At home in Italy

Today was all about getting to know our Italian neighborhood. Our landlady Cristina gave us a driving tour of our village, Massa Macinaia – pointing out the supermarket, bank, restaurants and a deli famous for its gelato – and arranged for bicycles we can use the rest of the time.

Anselmo (Cristina’s father) is hesitant about us biking to Lucca, though he says around the neighborhood is okay. Even the neighborhood seems dicey to me. The roads are narrow and bike paths nonexistent. Even with very small cars, there is not room for two cars to pass if we are walking on the roadside. So far, everyone is gracious and we are still alive.

Our house – Le Macine – was formerly a horse stable and hay barn for the mill next door. Angled tiles maximized circulation and kept forage from rotting or spontaneously combusting. Now they serve as a quaint reminder of times past.

Our home is completely remodeled and modern. Two bedrooms, two bathrooms, a fully equipped kitchen. Many Italians are converting properties to meet the interest of tourists. We found Le Macine on vrbo.com. If you want to see more, go to vrbo.com and search for www.vrbo.com/150280.

After a wobbly start with our new wheels, we biked to the deli where we bought a “savory,” which means anything with bread and meat, as our breakfast. We also bought ‘due mele’ in homage to our Rosetta Stone language program that relied so heavily on apples. We ate the savories at outside tables and watched our bicycles blow over. It was quite windy all day, though the sunshine was bright and the temperature perfect. Then on to a well stocked supermarket.

Since we were carrying everything, we were mindful of weight. A bottle of wine. A loaf of bread. A chunk of cheese. Plus enough eggs and vegetables for an omelet were enough. I made it home without breaking the bottle of wine, the bottles of tomato juice or the eggs. Applause is in order!

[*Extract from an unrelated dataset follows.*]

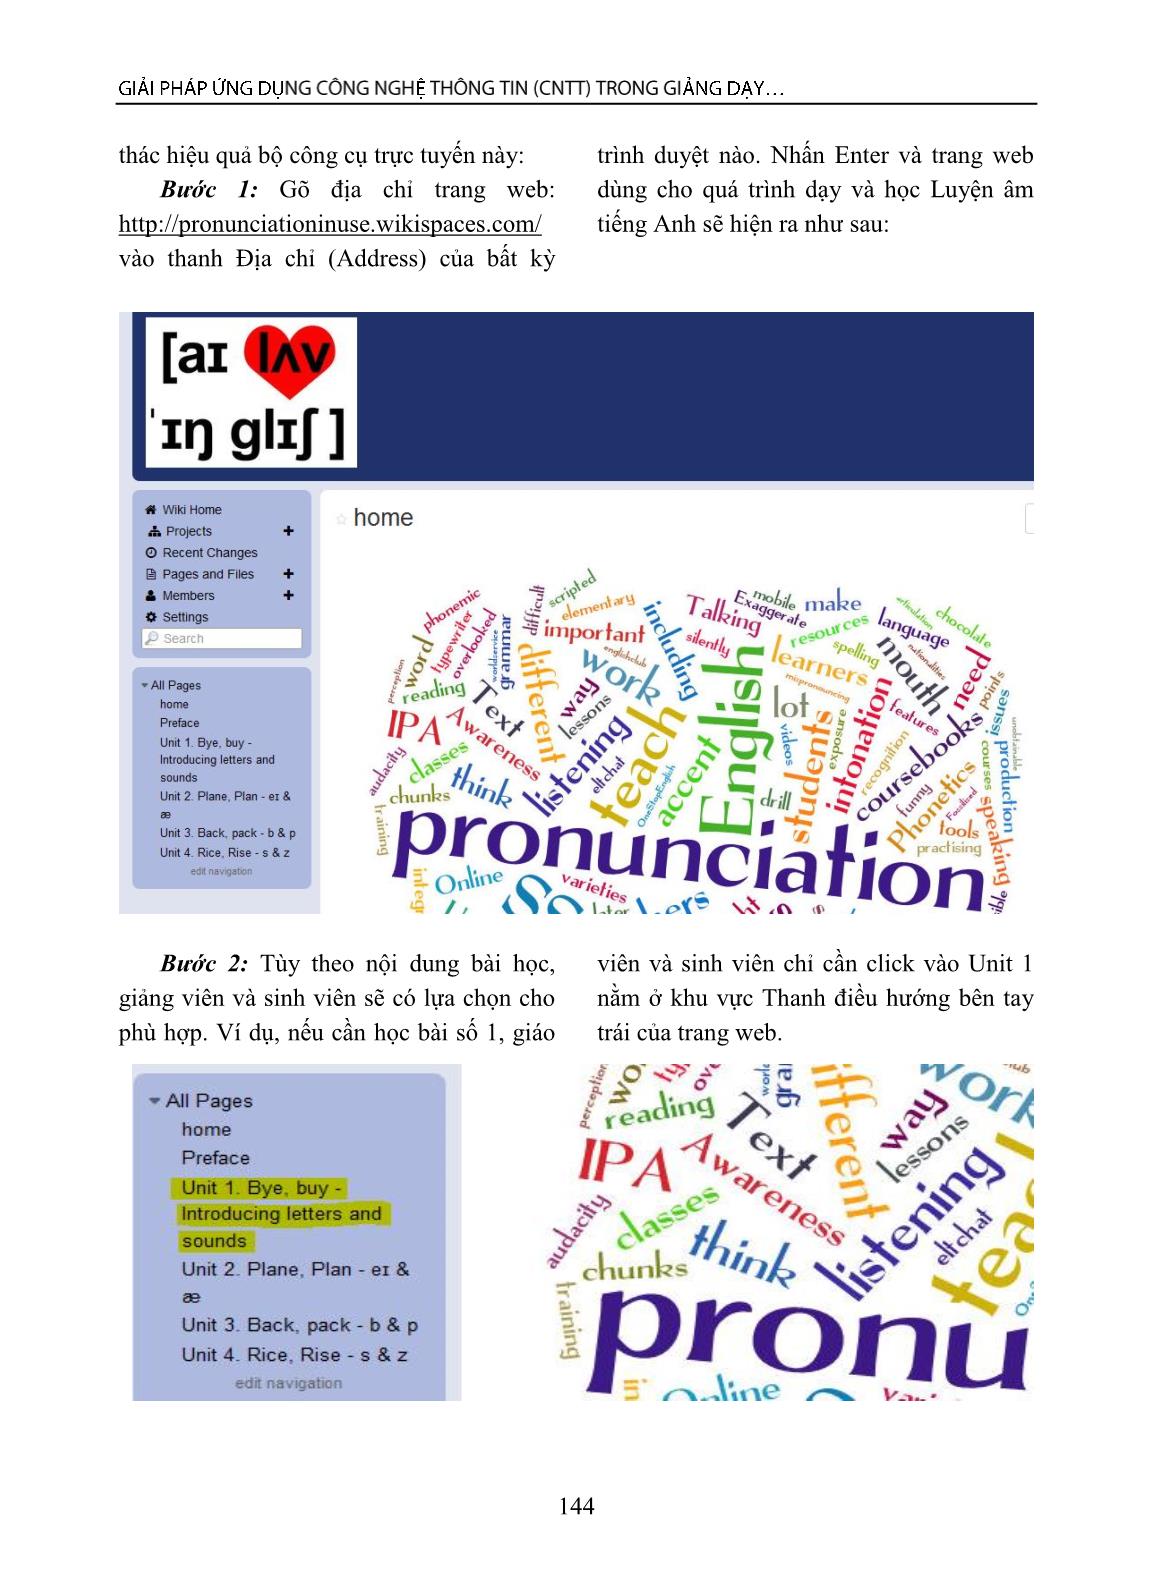 Giải pháp ứng dụng công nghệ thông tin (CNTT) trong giảng dạy và học tập môn Luyện âm cho sinh viên chuyên ngành Tiếng Anh tại trường đại học ở Việt Nam trang 3

In the afternoon, we walked another part of the neighborhood, checking out two churches that share a priest, windy streets that dissolve into home courtyards, and a cemetery that either is a family plot or a village cemetery for a berg populated only by Lucchesi’s or Franchesini’s.

We did tuck in a little writing today. I worked on my newest project – an e-book on book promotion. Mary waded into social media promotion. Heavy lifting on our novels begins tomorrow. Wish us well.

Ciao!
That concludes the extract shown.